▸ **Records for the exercise**:
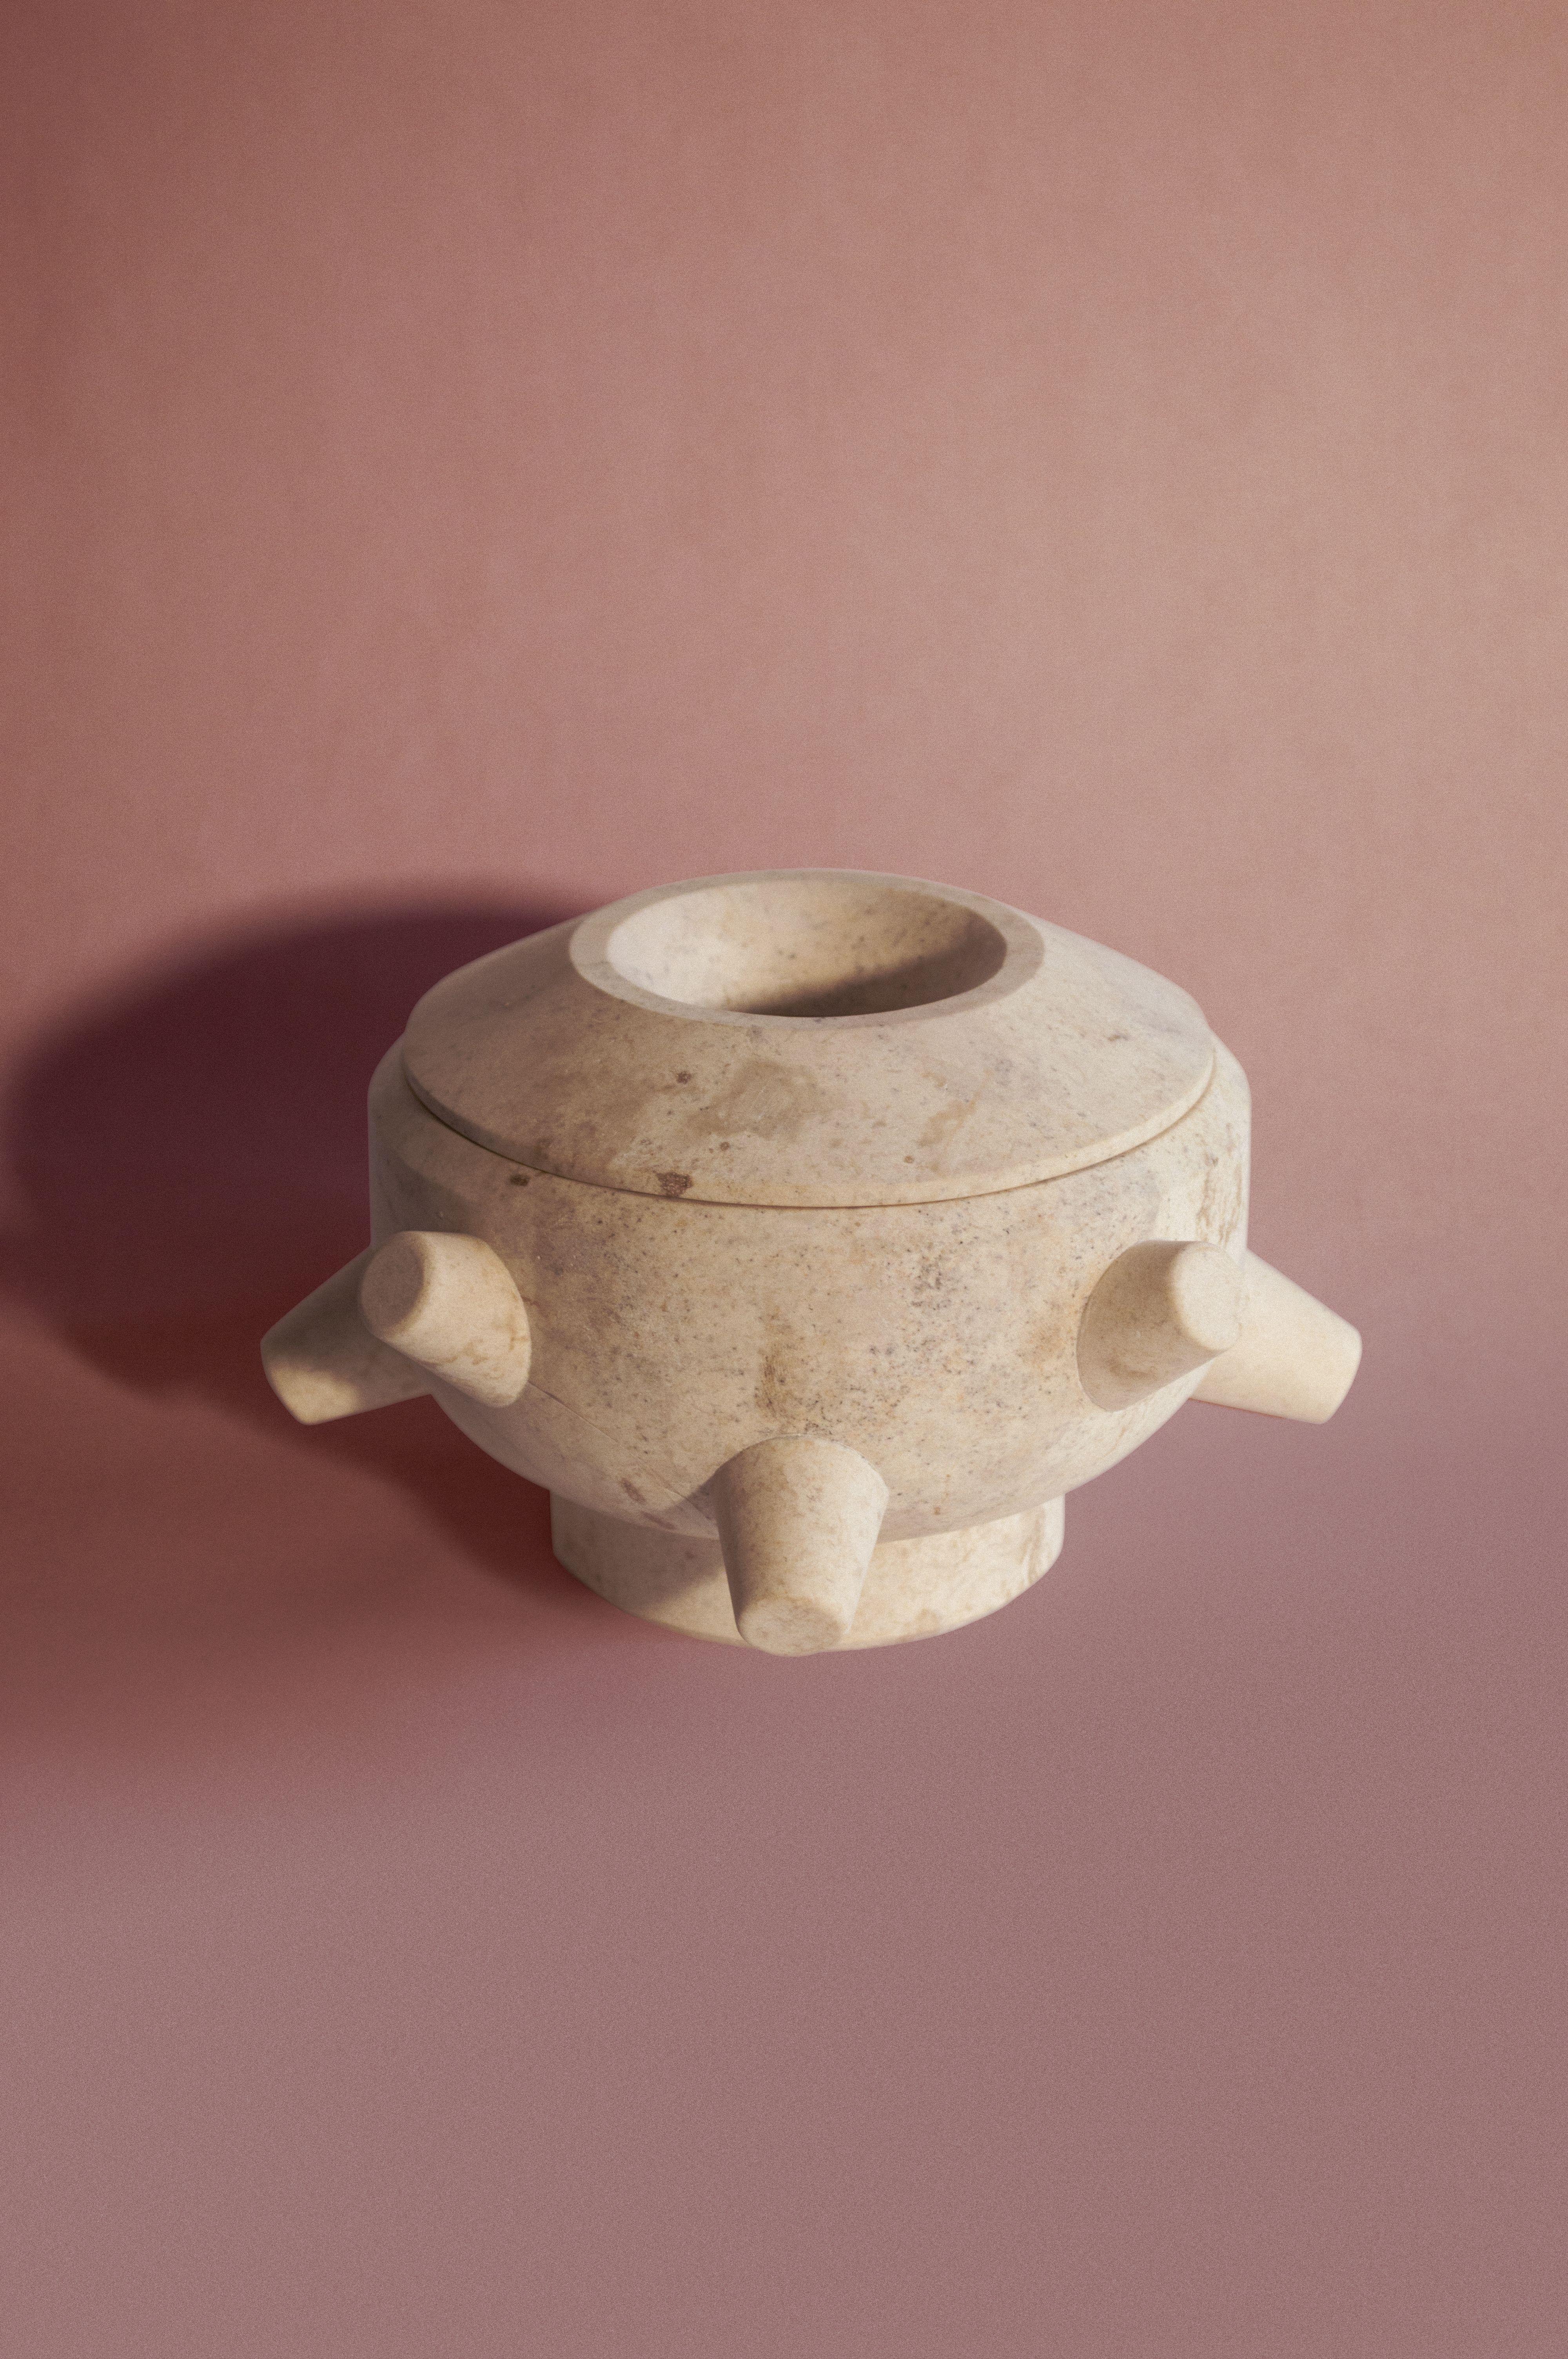 Copalera No. 4 Incense Burner by Acoocooro
Dimensions: Ø 16 x H 9.5 cm.
Materials: Crema maya (Yucatán peninsula marble) incense burner and lid.
Veining and mineral composition may give unique appearance to each piece.

Copalera create a play
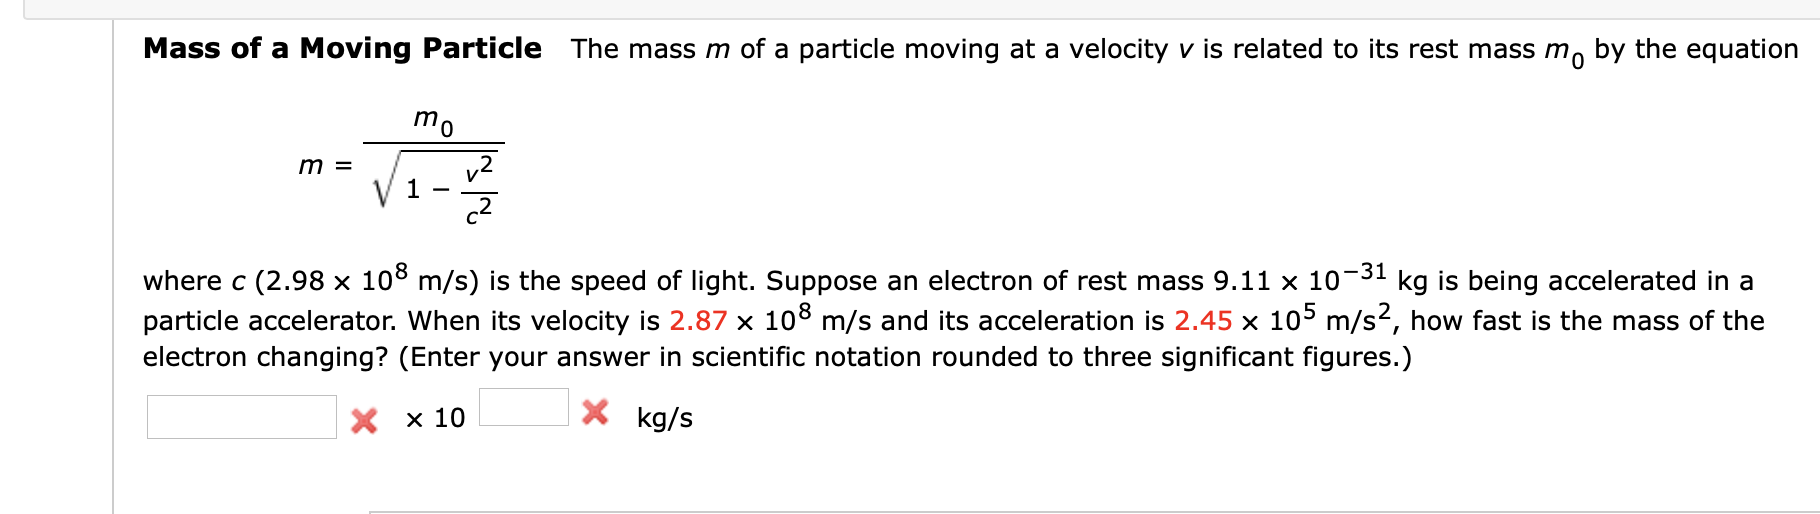 Mass of a Moving Particle The mass m of a particle moving at a velocity v is related to its rest mass m, by the equation
mo
v2
1
c2
m =
-31
kg is being accelerated in a
where c (2.98 x 108 m/s) is the speed of light. Suppose an electron of rest mass 9.11 x 10¬
particle accelerator. When its velocity is 2.87 × 108 m/s and its acceleration is 2.45 x 105 m/s2, how fast is the mass of the
electron changing? (Enter your answer in scientific notation rounded to three significant figures.)
X x 10
X kg/s
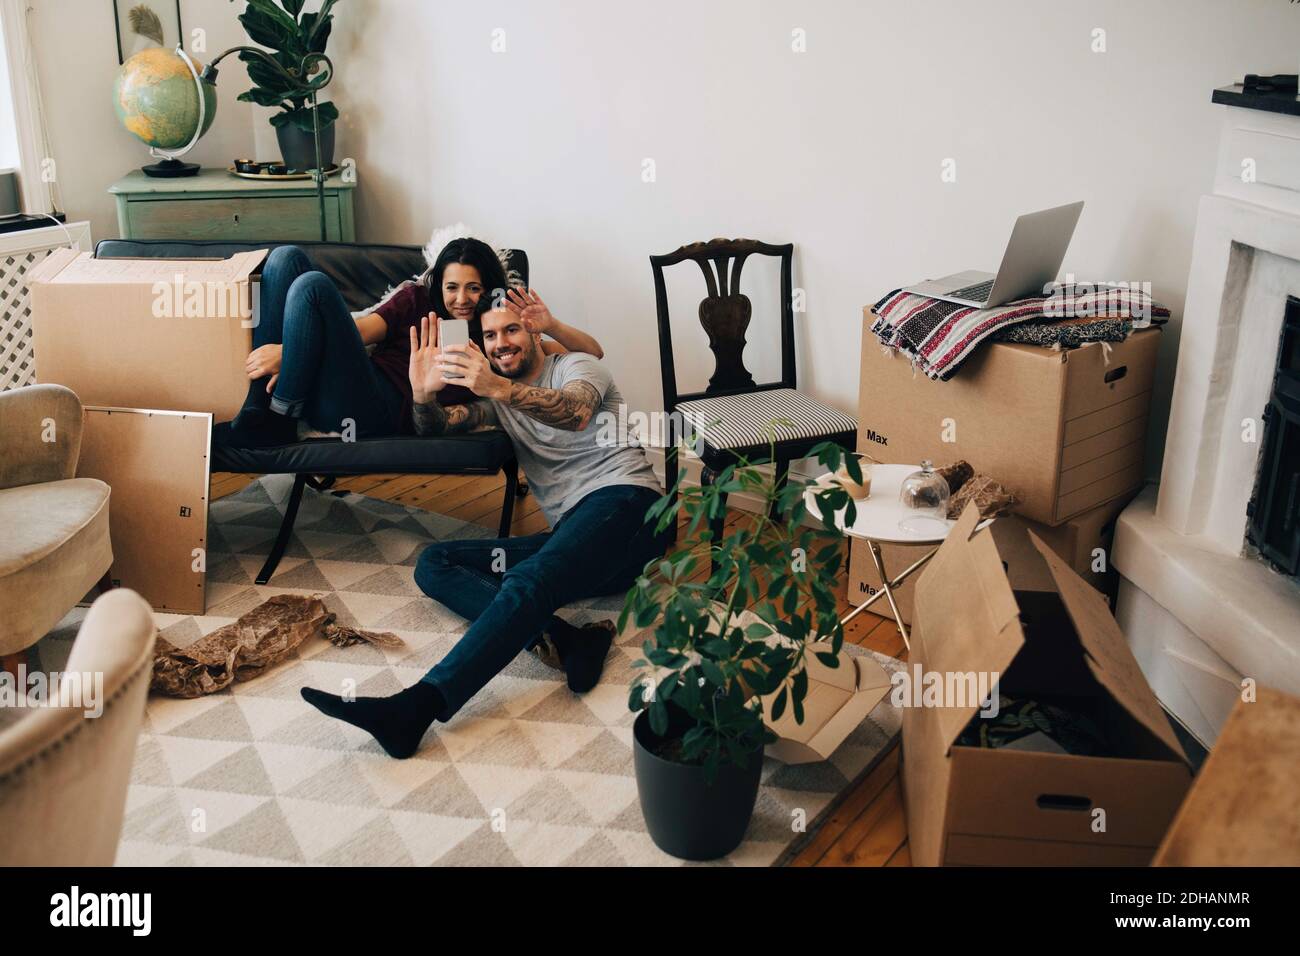 Smiling couple video calling through mobile phone while sitting in living room during relocation Stock Photo
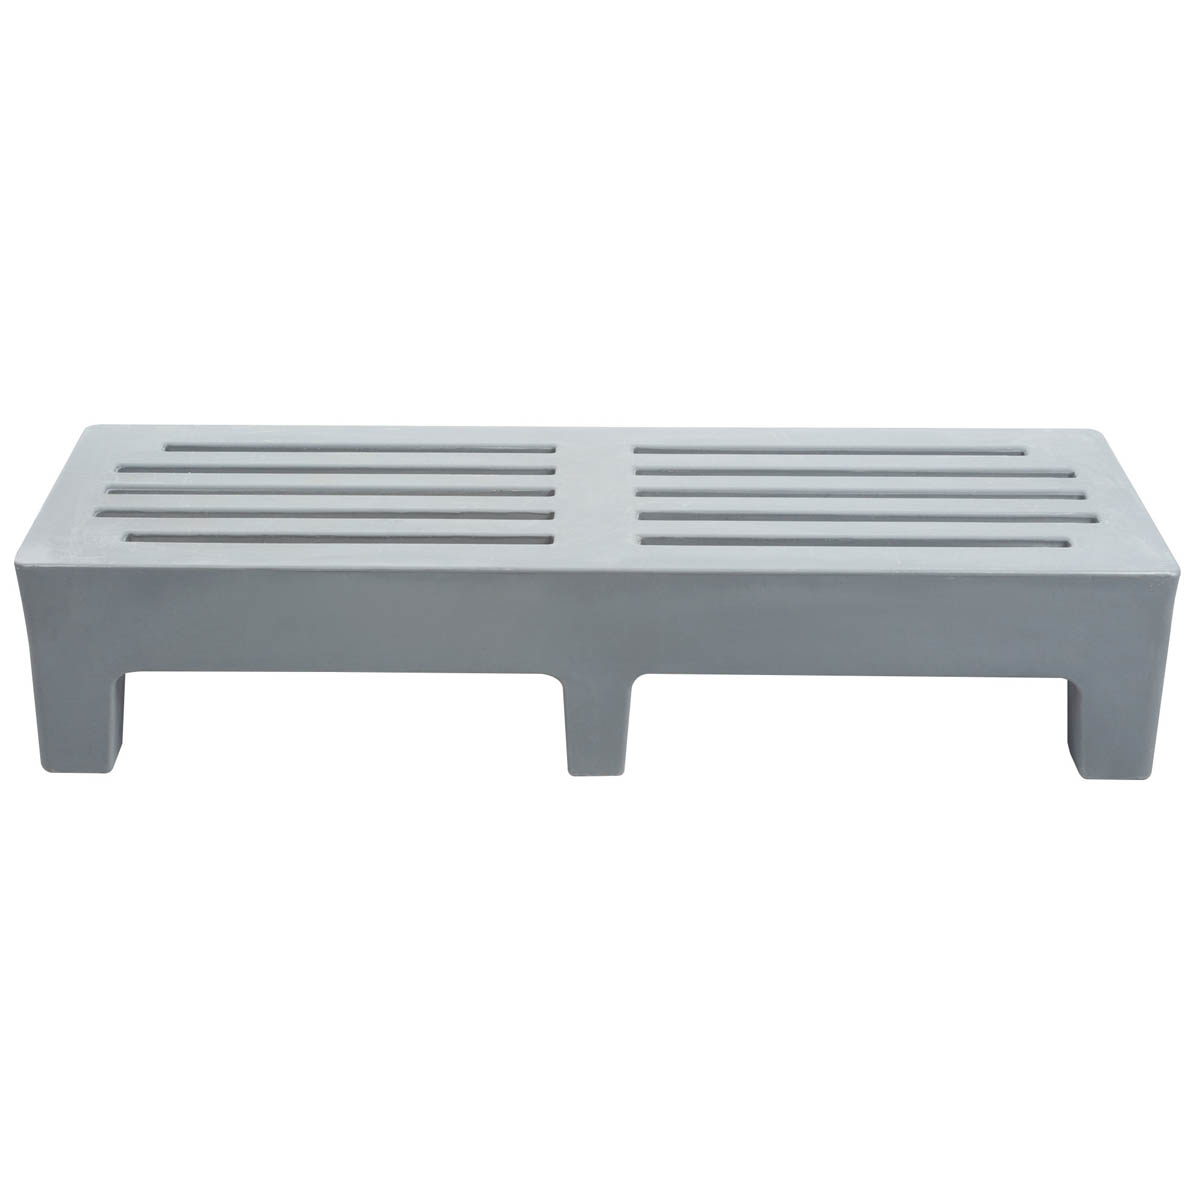 Winholt PLSQ-5-1222-GY 60″ Vented Dunnage Rack

▸ **Problem description**:
When you reach the line containing "particle accelerator. When" in the entries above, begin restating word for word, and stop once the line containing "Smiling couple video" has been given. Omit the pictures.

▸ **Task output**:
particle accelerator. When its velocity is 2.87 × 108 m/s and its acceleration is 2.45 x 105 m/s2, how fast is the mass of the
electron changing? (Enter your answer in scientific notation rounded to three significant figures.)
X x 10
X kg/s
 Smiling couple video calling through mobile phone while sitting in living room during relocation Stock Photo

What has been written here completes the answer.